Rasouli déclare : « Lorsque nos ressources sont rares et que les gens d'Hollywood ou ceux qui n'en ont pas vraiment besoin les obtiennent en premier, cela signifie que nous refusons l'accès à des personnes qui pourraient en avoir davantage besoin. »

« Je pense que l’approche la moins rentable est celle qui consiste à traiter les personnes en surpoids ou légèrement obèses qui souhaitent rentrer dans cette robe fabuleuse en perdant quelques kilos », explique Herman. « C’est ce que nous voyons vraiment à Hollywood, et malheureusement c’est ce que nous voyons assez largement. »

Mais Leah Wigham, Ph. D., professeure de santé publique à l'Université du Texas à Houston, remet en question ce récit : « Il y a ces histoires de stars de cinéma (qui utilisent Ozempic), ce qui représente quoi, quelques dizaines d'anecdotes ? Avons-nous des données qui montrent que cela contribue réellement de manière significative aux problèmes de la chaîne d'approvisionnement ? »

Nikhil Dhurandhar, PhD, professeur de sciences nutritionnelles à l'université Texas Tech de Lubbock, déclare qu'il « souhaite faire un geste positif pour ceux qui veulent perdre du poids pour rentrer dans une robe ». Le Dr Dhurandhar affirme que tant que les utilisateurs sont médicalement autorisés à utiliser un médicament GLP-1, « la motivation ne devrait pas avoir d'importance… vos bénéfices seront les mêmes quelle que soit la raison pour laquelle vous avez perdu du poids ».

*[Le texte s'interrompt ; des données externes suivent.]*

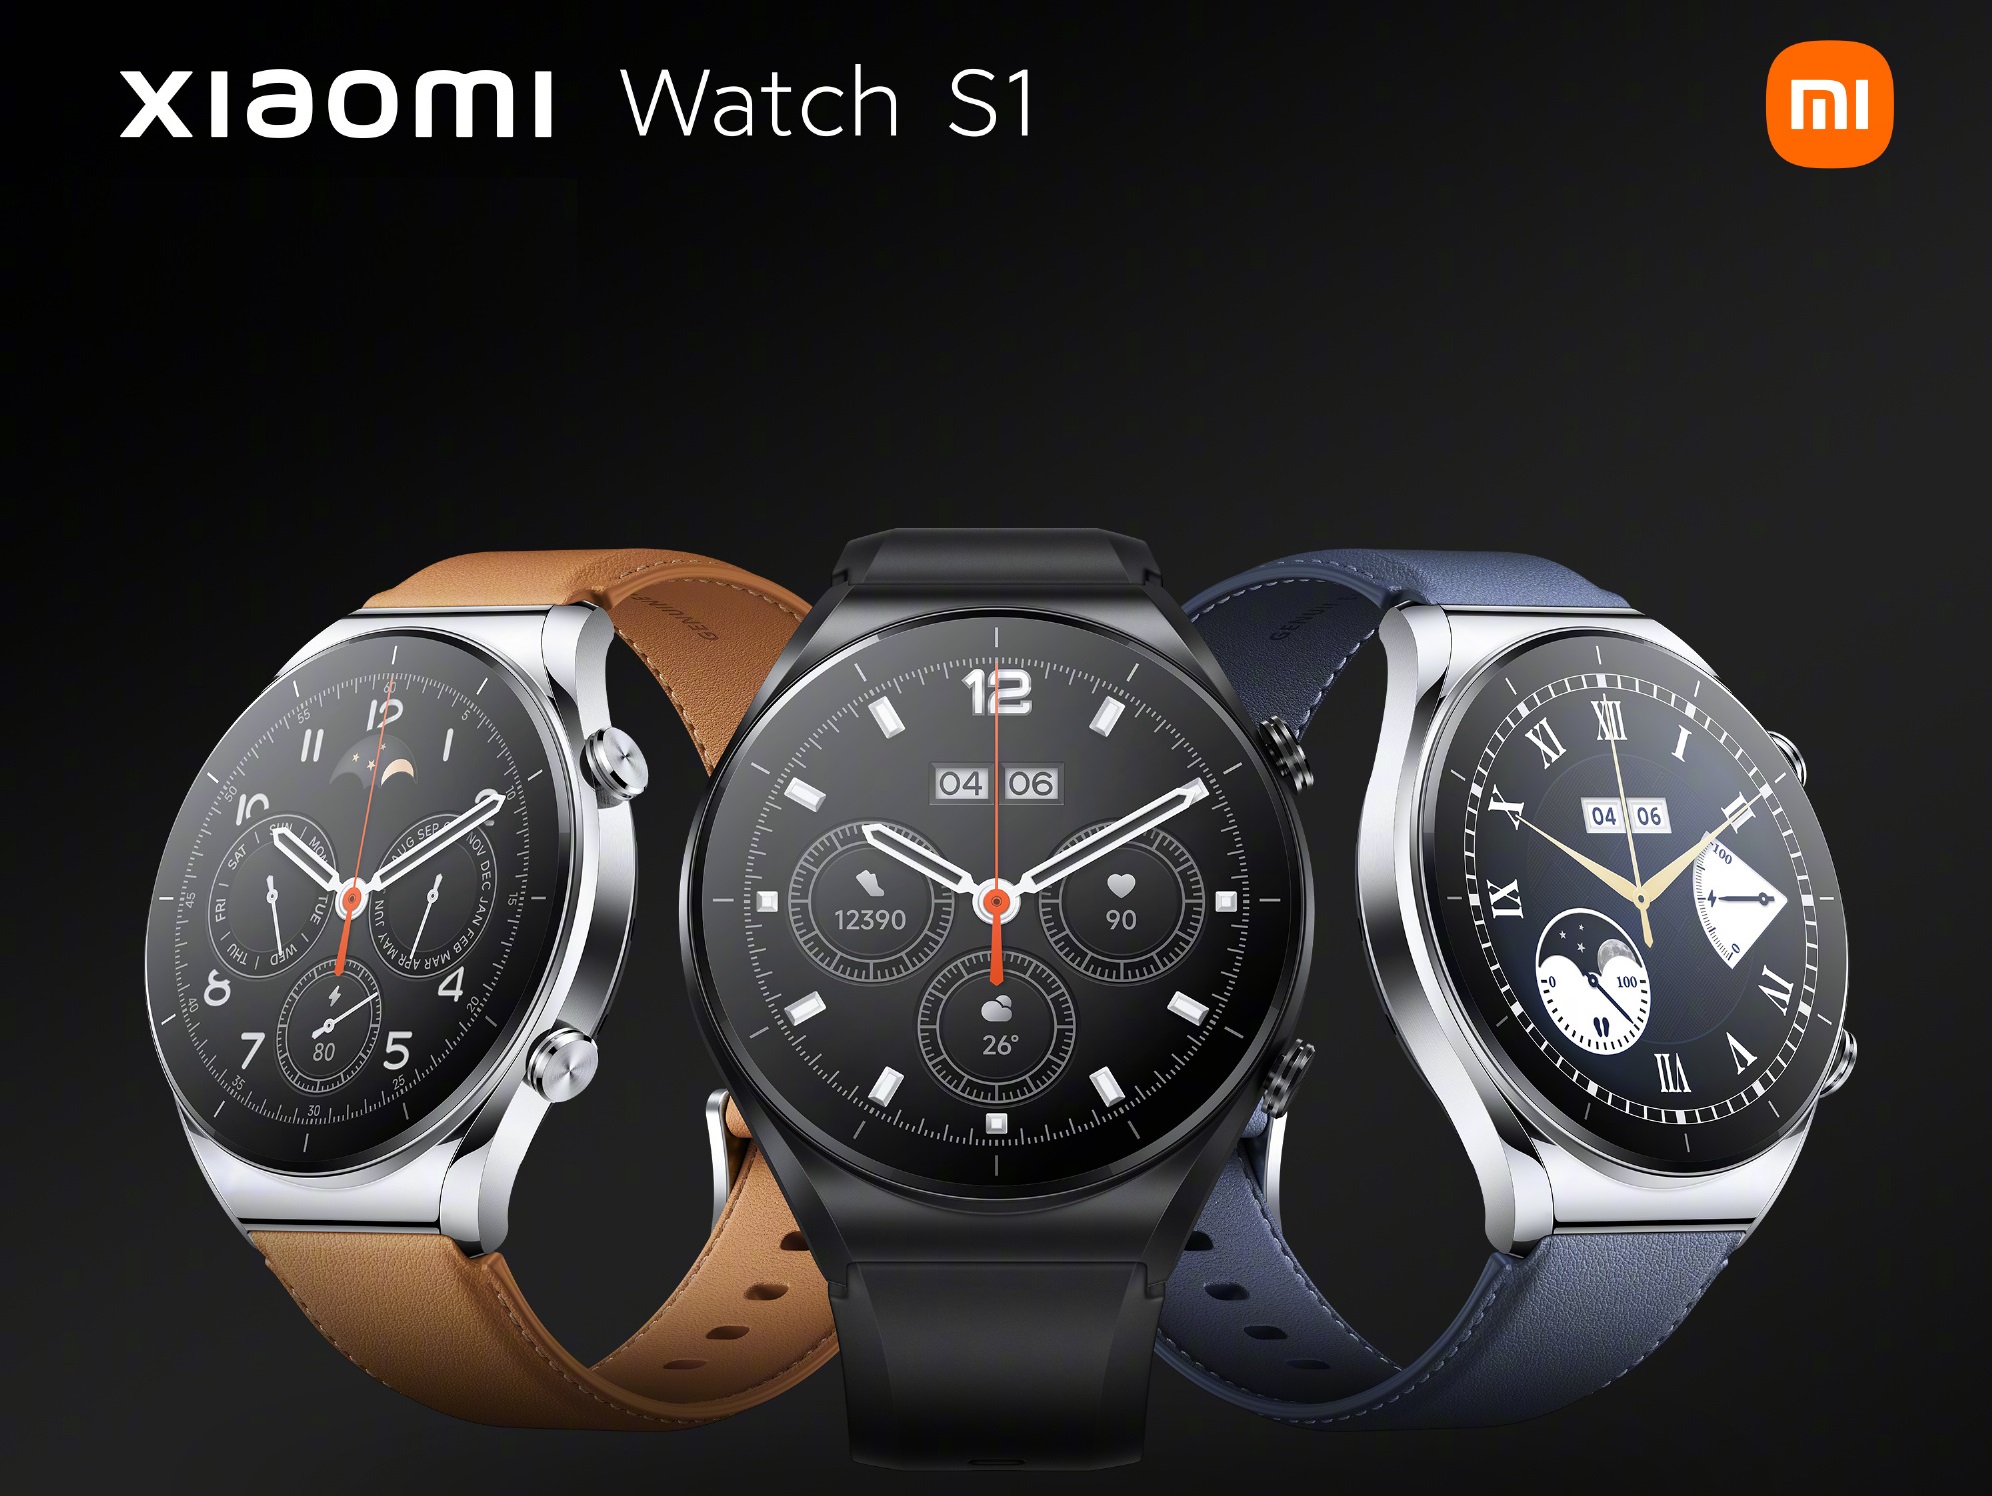 Gli smartwatch Xiaomi Watch S1 e Watch S1 Active saranno in vendita in Europa – prezzi e specifiche sono già noti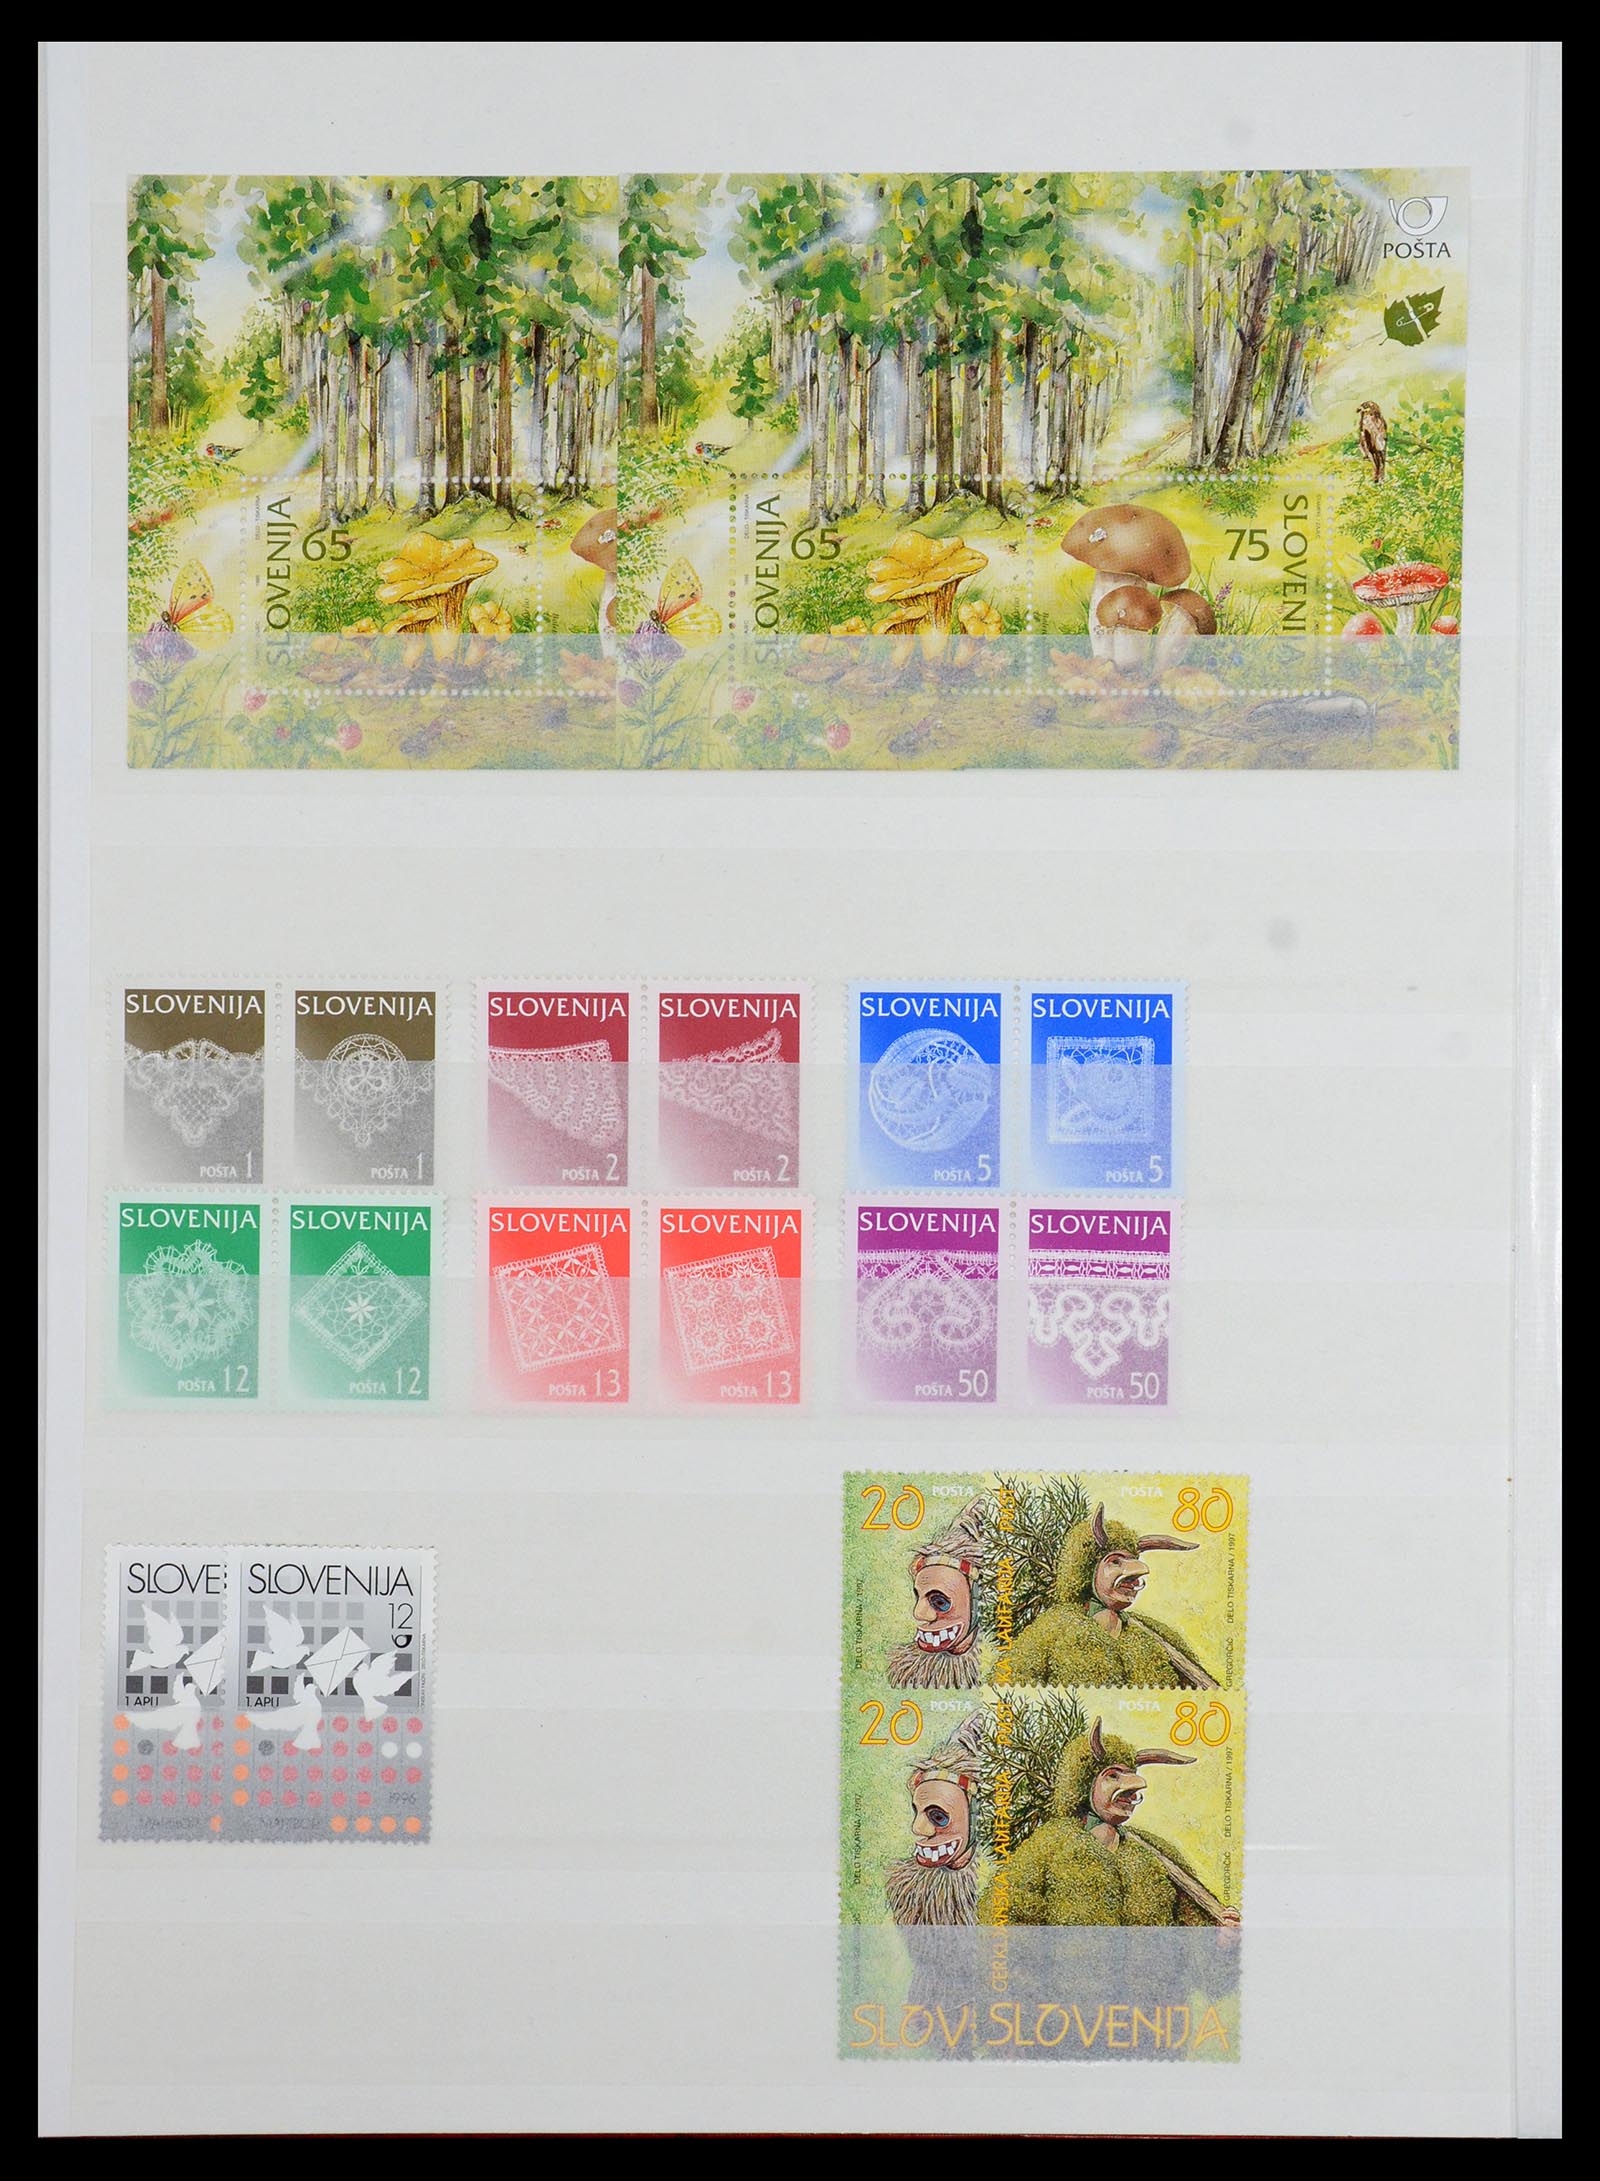 36461 014 - Stamp collection 36461 Slovenia, Croatia and Bosnia-Herzegovina MNH 1991

Le Dr Wigham craint que le fait de vilipender certains utilisateurs de GLP-1 ne contribue qu’à la désapprobation et à la discrimination dont souffrent les personnes en surpoids.

« Ce genre de commentaires sur la robe ne fait que perpétuer le stigmate selon lequel les gens ne méritent pas ce médicament à moins qu'ils ne fassent de gros efforts pour perdre du poids par eux-mêmes », explique Wigham. « Nous ne le faisons pas pour d'autres maladies et nous devons arrêter d'utiliser ce langage pour l'obésité. »

Les pénuries pourraient persister

Les pénuries de sémaglutide et de tirzépatide devraient durer jusqu'en 2024, mais il est difficile de dire quand les fabricants seront en mesure de rattraper leur retard. milliard personnes dans le monde qui sont médicalement éligibles à prendre un agoniste du récepteur GLP-1, selon les critères de la FDA. La demande potentielle est presque inimaginable.

De nombreuses entreprises tentent de répondre à la demande. Les principaux fabricants de médicaments s'efforcent d'accroître leur capacité de production et de développer de nouvelles thérapies à base de GLP-1. Les génériques pourraient bientôt être approuvés en Inde et en Chine, et aux États-Unis, les pharmacies de préparation opérant dans une zone grise légale proposent des équivalents sans marque moins chers.

Dans un monde idéal, tous ceux qui pourraient bénéficier de ces médicaments à succès pourraient y avoir accès. Pour l’instant, cette possibilité semble très lointaine.

Le plat à emporter

La demande de médicaments GLP-1 comme Ozempic a dépassé l’offre, ce qui a suscité des débats sur l’accès équitable. Certains experts de la santé suggèrent de donner la priorité à ces médicaments pour ceux qui pourraient en bénéficier le plus, en particulier les patients atteints de multiples maladies cardiométaboliques, notamment le diabète de type 2 et l’obésité sévère.